How will financial news organizations and gold and silver market analysts explain tonight's smashing of monetary metals prices in the futures market?

Of course it hardly matters how they will explain it, since nearly all gold and silver market analysis is merely clumsy rationalization. A decline in the metals can be attributed to almost anything -- speculation that the Federal Reserve may raise interest rates by a tenth of a percent from 0.25 percent two years from now; that the U.S. economy is strengthening; that unemployment is up, or down; that sentiment is increasing that inflation is "transitory," as if the dollar hasn't lost most of its value since the Fed was created in 1913; that it rained in Chicago or was sunny in New York; and so on.

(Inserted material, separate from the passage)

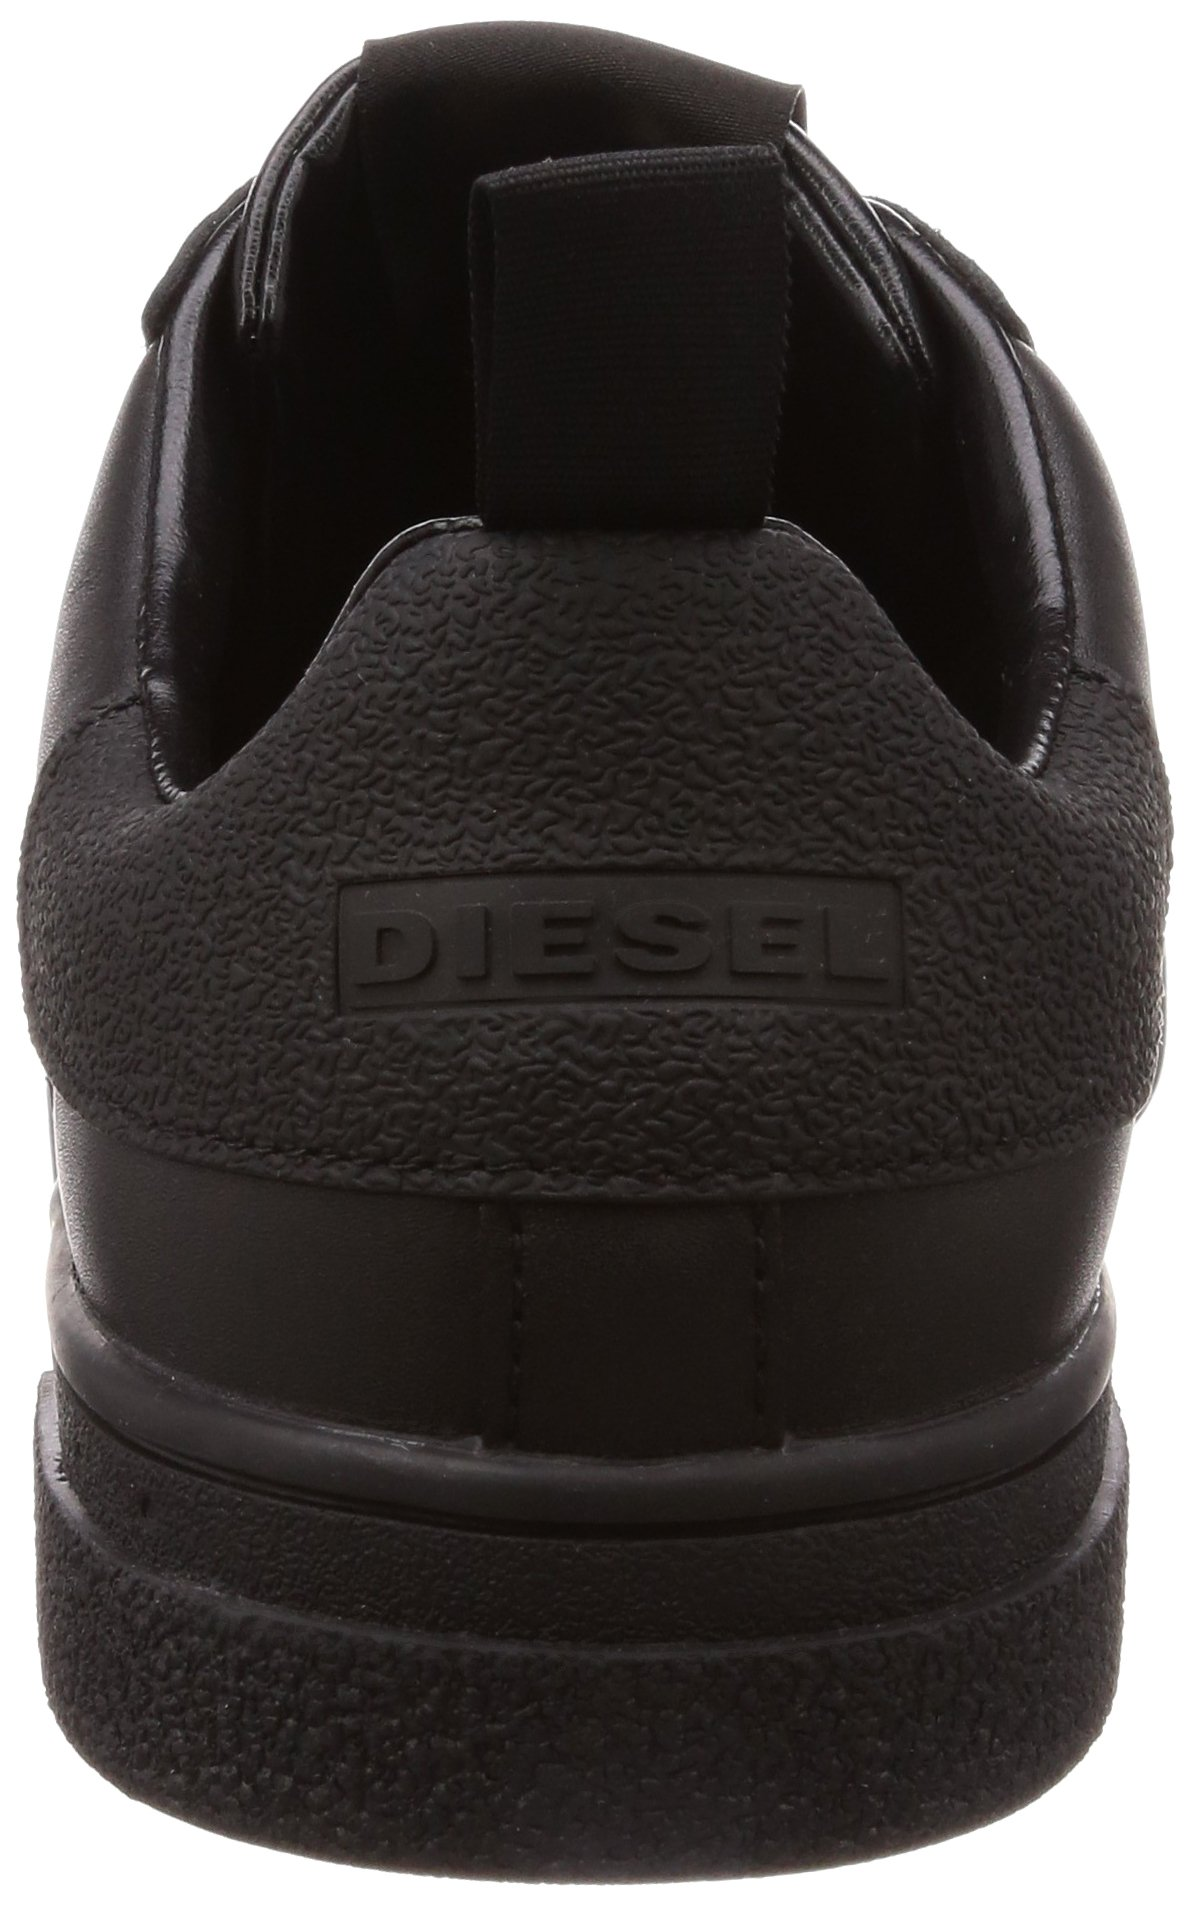 Diesel Men's S-Clever Low-Sneakers Black, 8 M US by Diesel (Image #2)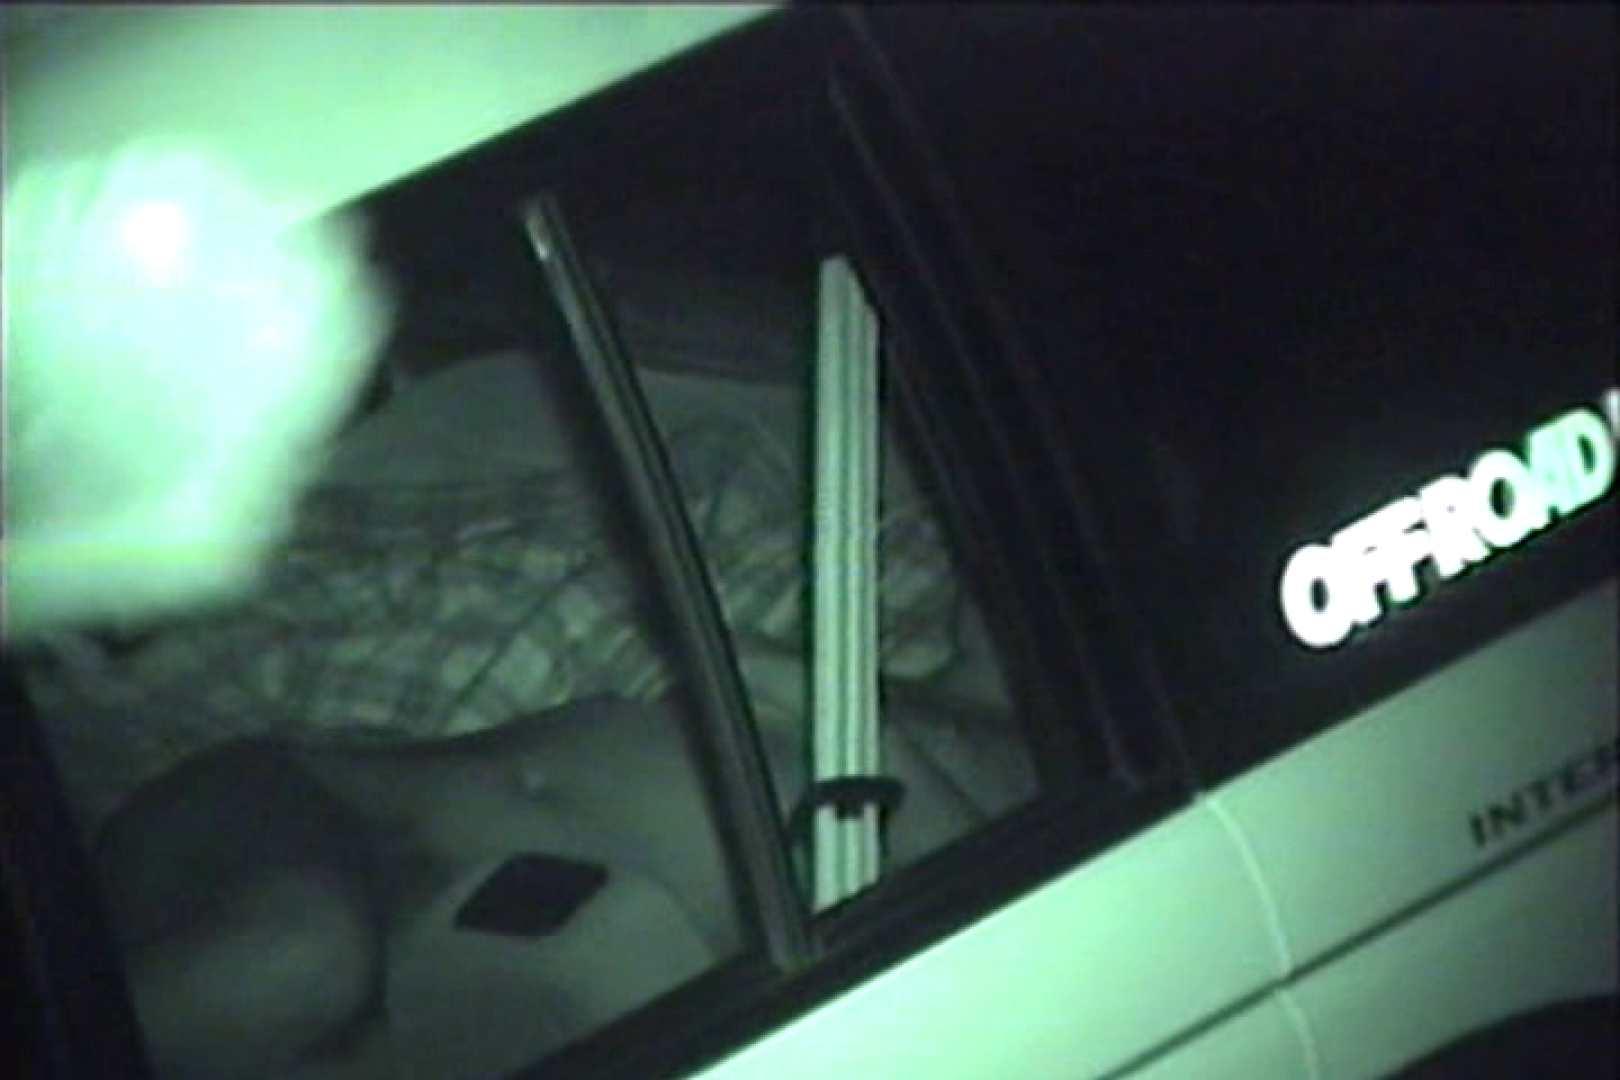 車の中はラブホテル 無修正版  Vol.17 エロティックなOL オメコ無修正動画無料 97画像 51

What has yet to be offered by mainstream financial news organizations and market analysts as an explanation for gold's sharp declines is central bank intervention in the market, though every month GATA's dogged consultant Robert Lambourne documents that intervention via the monthly statements of account discreetly posted by the gold broker for the major central banks, the Bank for International Settlements, as he did again just the other day:

https://gata.org/node/21349

Mainstream financial journalism and market analysts have yet to try to ascertain exactly who has been doing the sort of not-for-profit selling that was unleashed again tonight. ZeroHedge quickly estimated that some entity dumped about $4 billion in paper gold in illiquid conditions as soon as the market opened tonight:

https://www.zerohedge.com/markets/gold-flash-crashes-almost-100-4-billion-sell-order-hits 

The dumping was assuredly not done by thousands of retail investors who decided in unison this weekend that, the world's money supply having doubled in the last year or so, real interest rates having gone negative by several percent, and inflation soaring even by government's own grossly fudged figures, monetary metals are ... trash.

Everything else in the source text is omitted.